What you are asked to do:
When the listing below reaches the line that has "Page 5 of doujinshi", start reproducing exactly; stop after the line that has "Mazes for G Sound", and drop the pictures.

Data for the task:
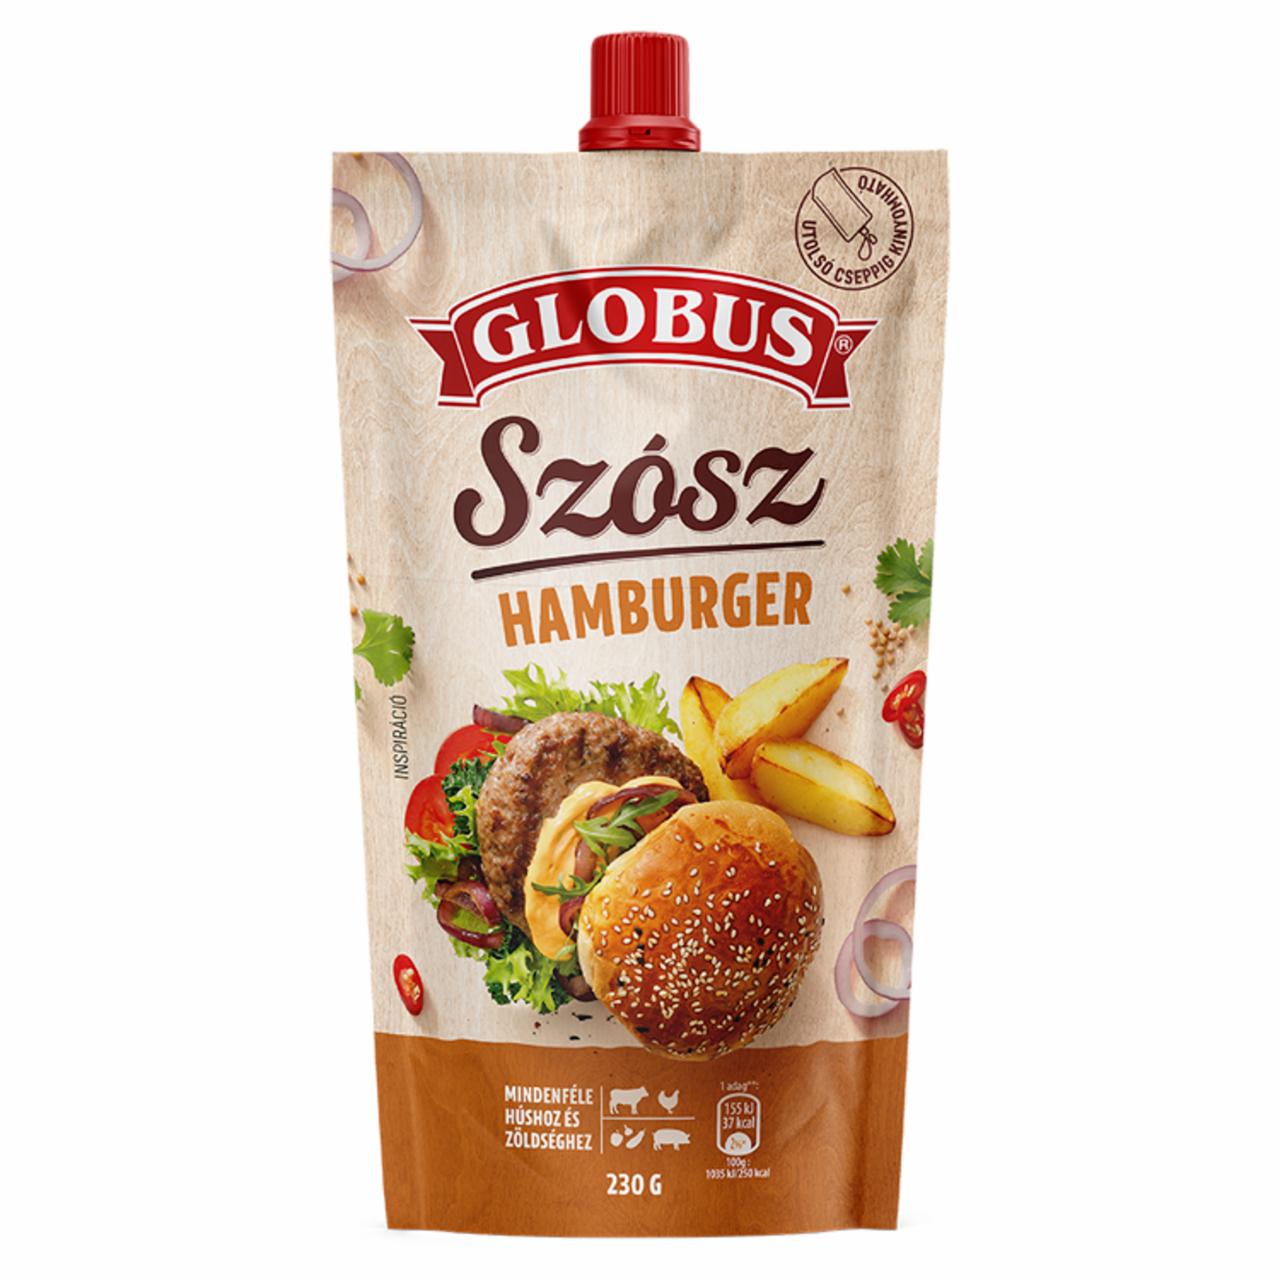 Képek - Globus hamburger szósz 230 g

* * *

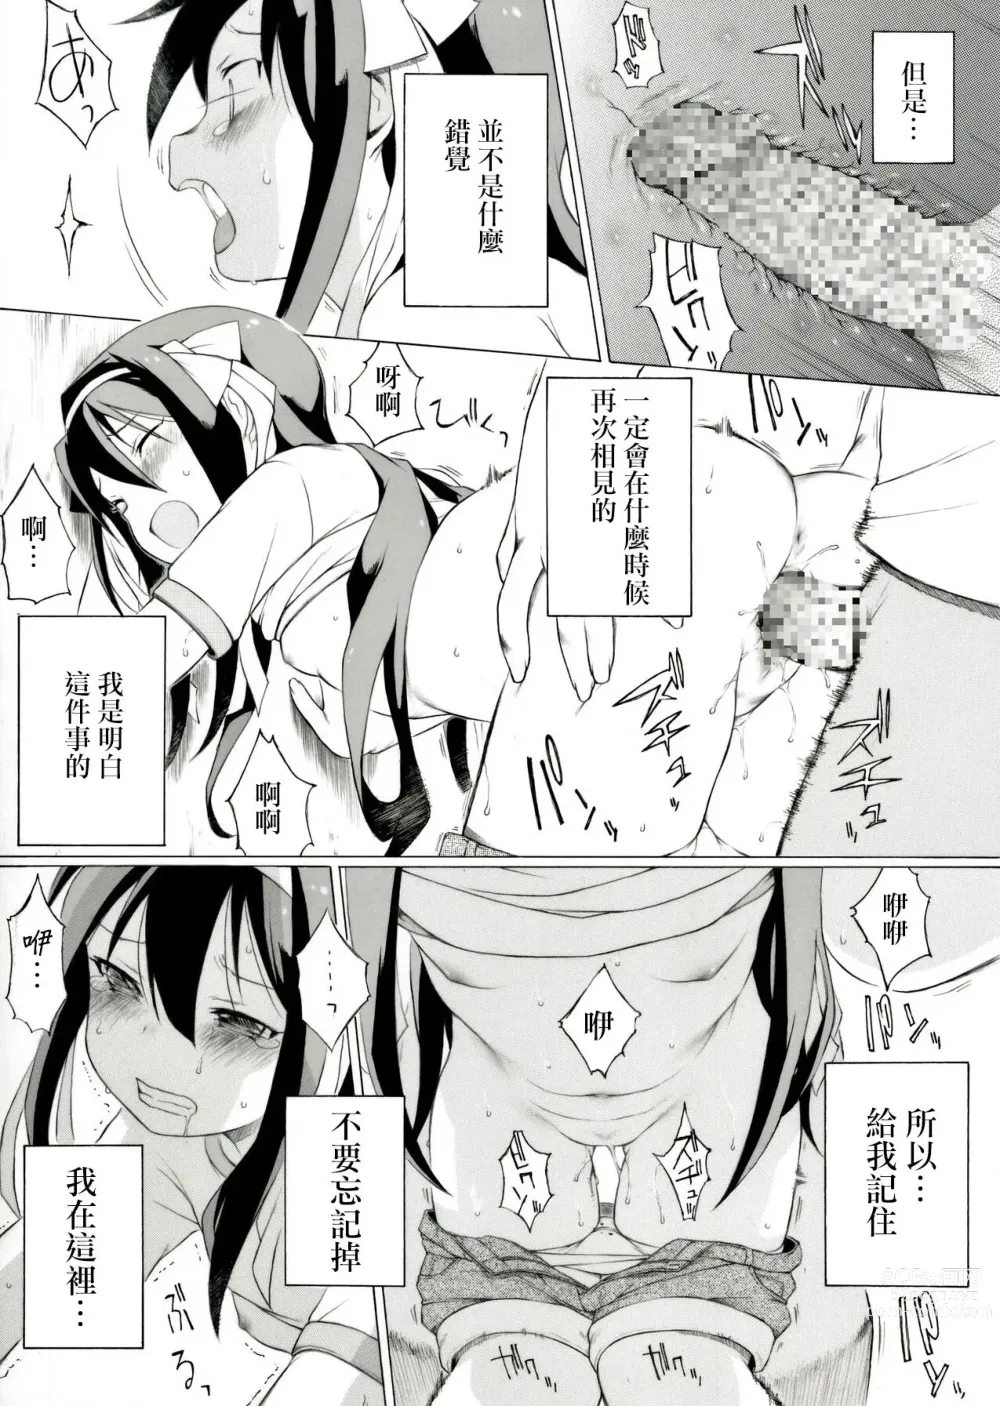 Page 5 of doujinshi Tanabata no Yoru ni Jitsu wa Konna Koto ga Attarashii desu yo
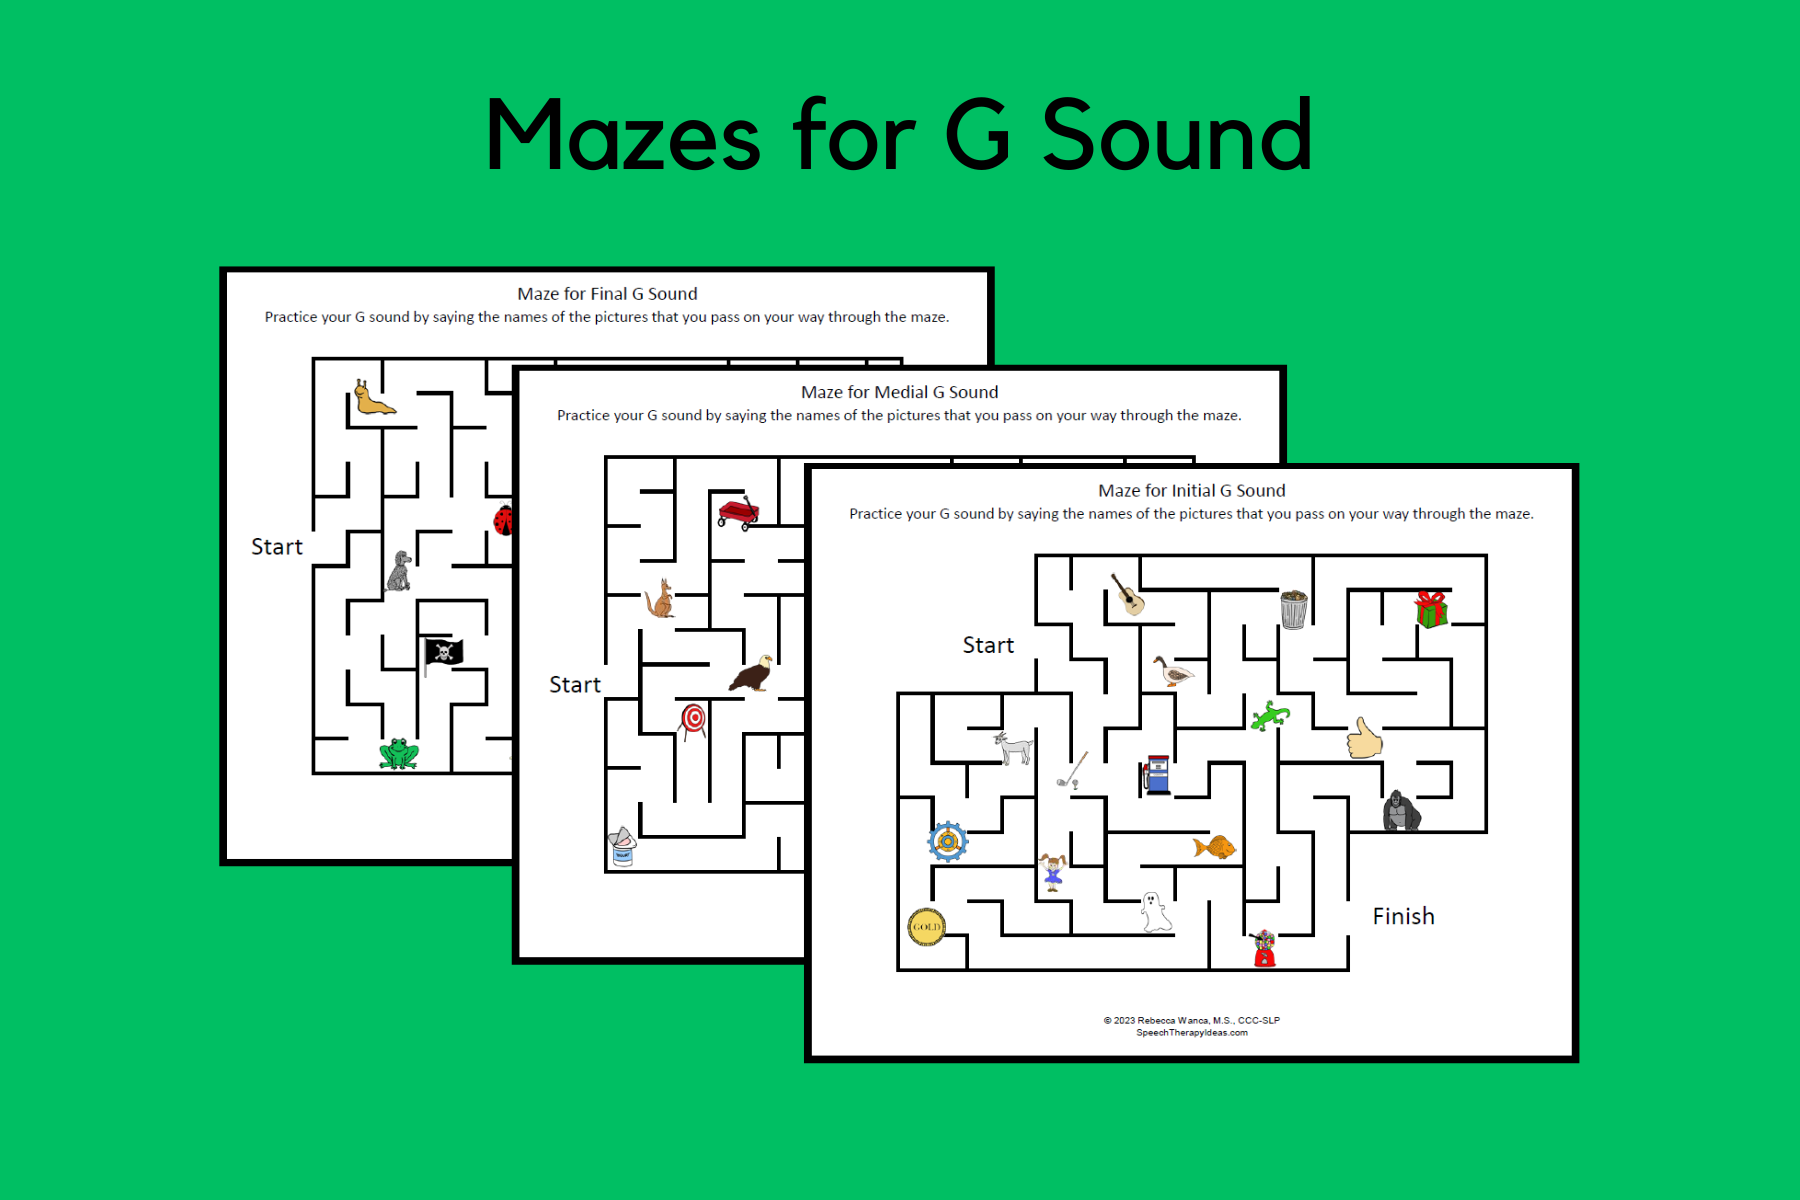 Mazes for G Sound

The completed task:
 Page 5 of doujinshi Tanabata no Yoru ni Jitsu wa Konna Koto ga Attarashii desu yo
 Mazes for G Sound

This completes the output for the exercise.